■ **INPUT FOR THIS TASK**:
· · · ·
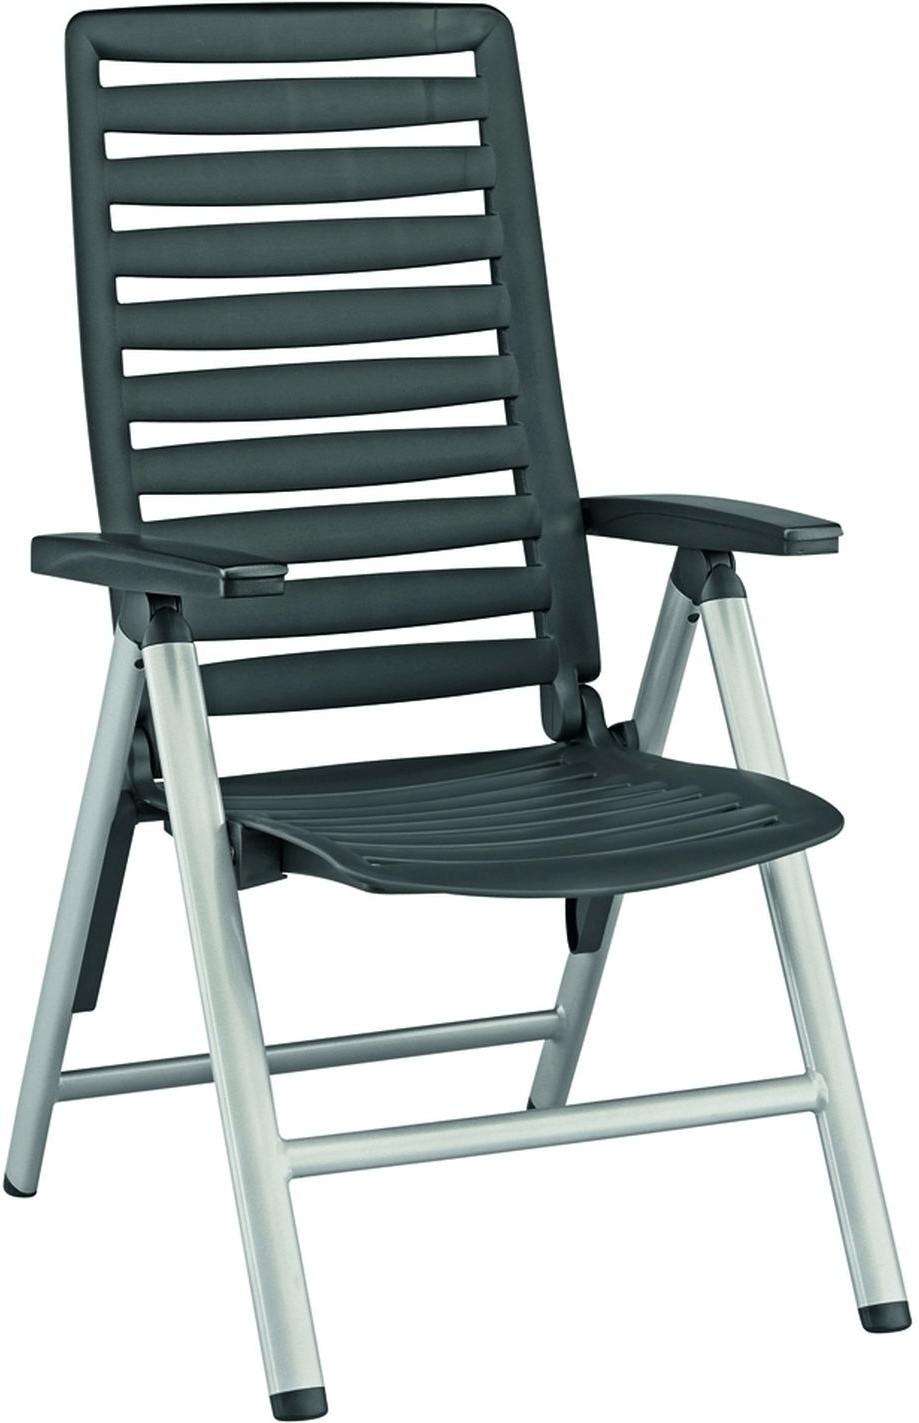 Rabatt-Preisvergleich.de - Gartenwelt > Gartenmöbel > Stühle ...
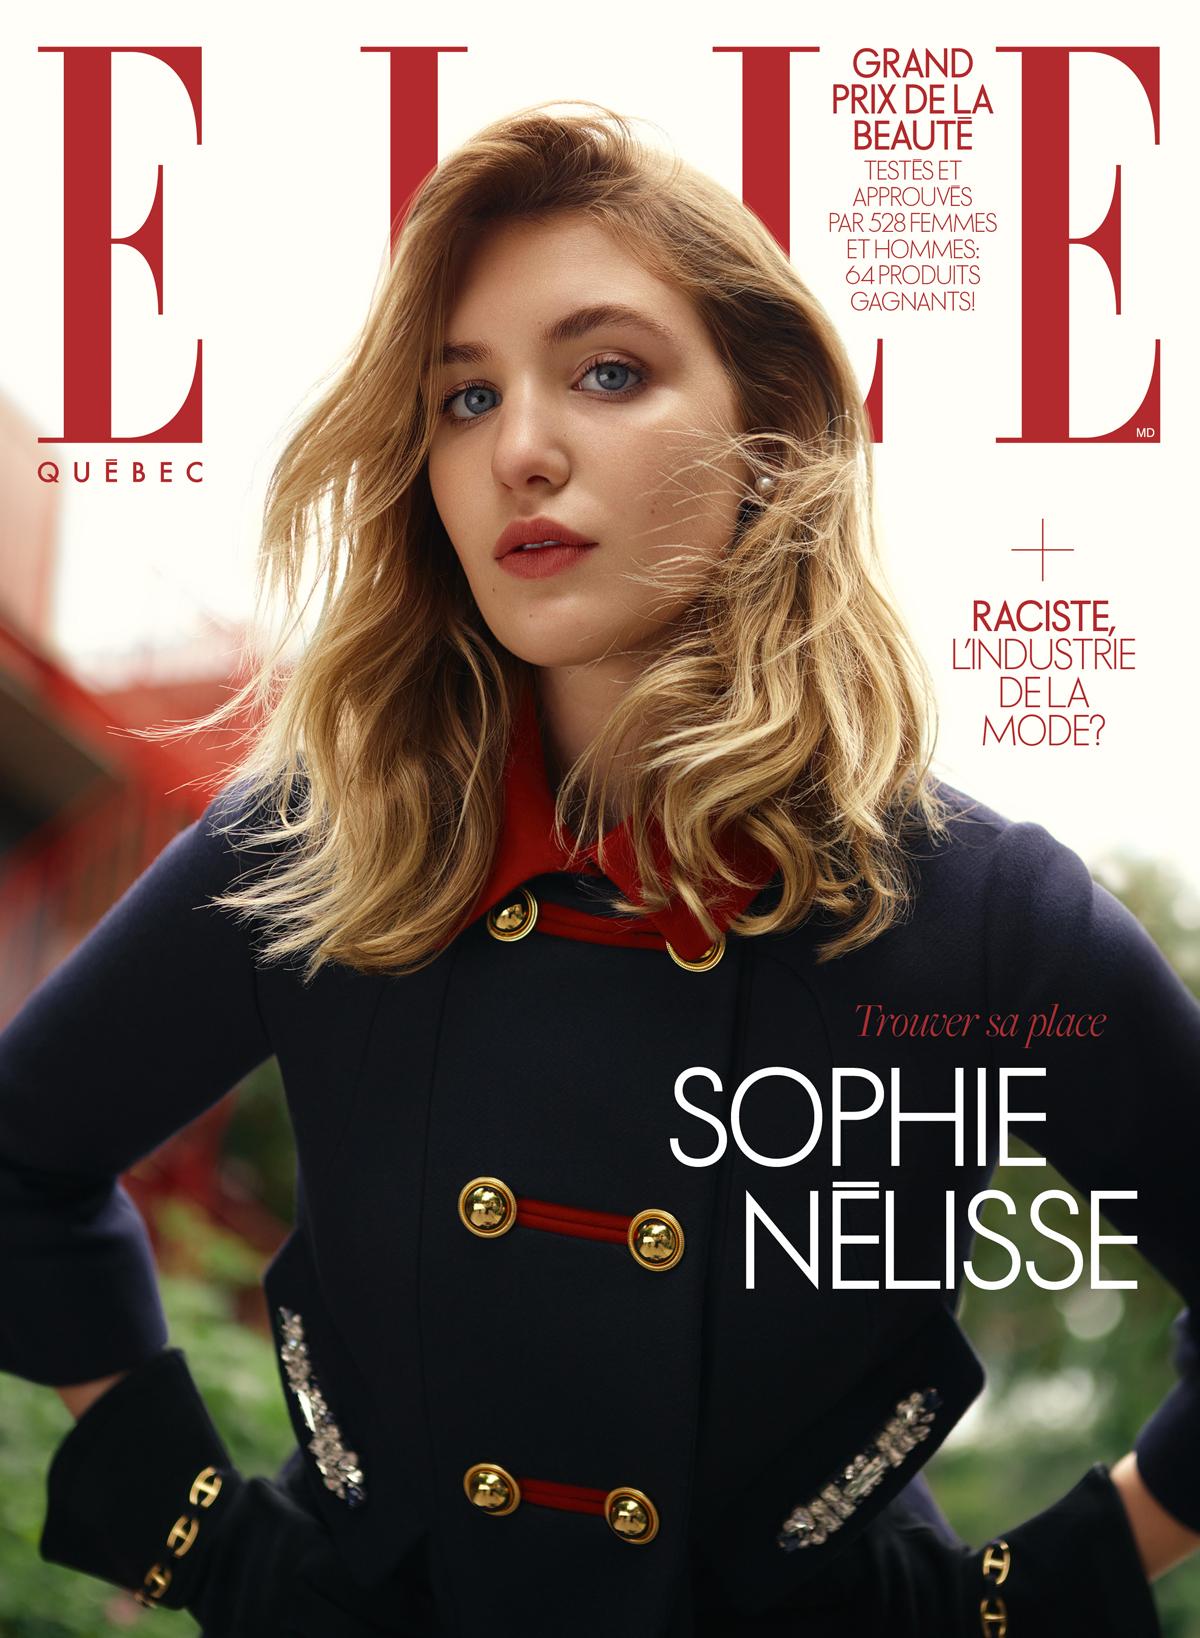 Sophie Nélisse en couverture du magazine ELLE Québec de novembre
· · · ·
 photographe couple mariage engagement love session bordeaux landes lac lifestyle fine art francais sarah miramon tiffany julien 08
· · · ·
■ **AIM OF THE TASK**: Output exactly the lines of the listing above that start with the one holding "Rabatt-Preisvergleich.de - Gartenwelt" and go on through the one holding "Sophie Nélisse en"; leave the pictures out.

■ **SOLUTION**:
 Rabatt-Preisvergleich.de - Gartenwelt > Gartenmöbel > Stühle ...
 Sophie Nélisse en couverture du magazine ELLE Québec de novembre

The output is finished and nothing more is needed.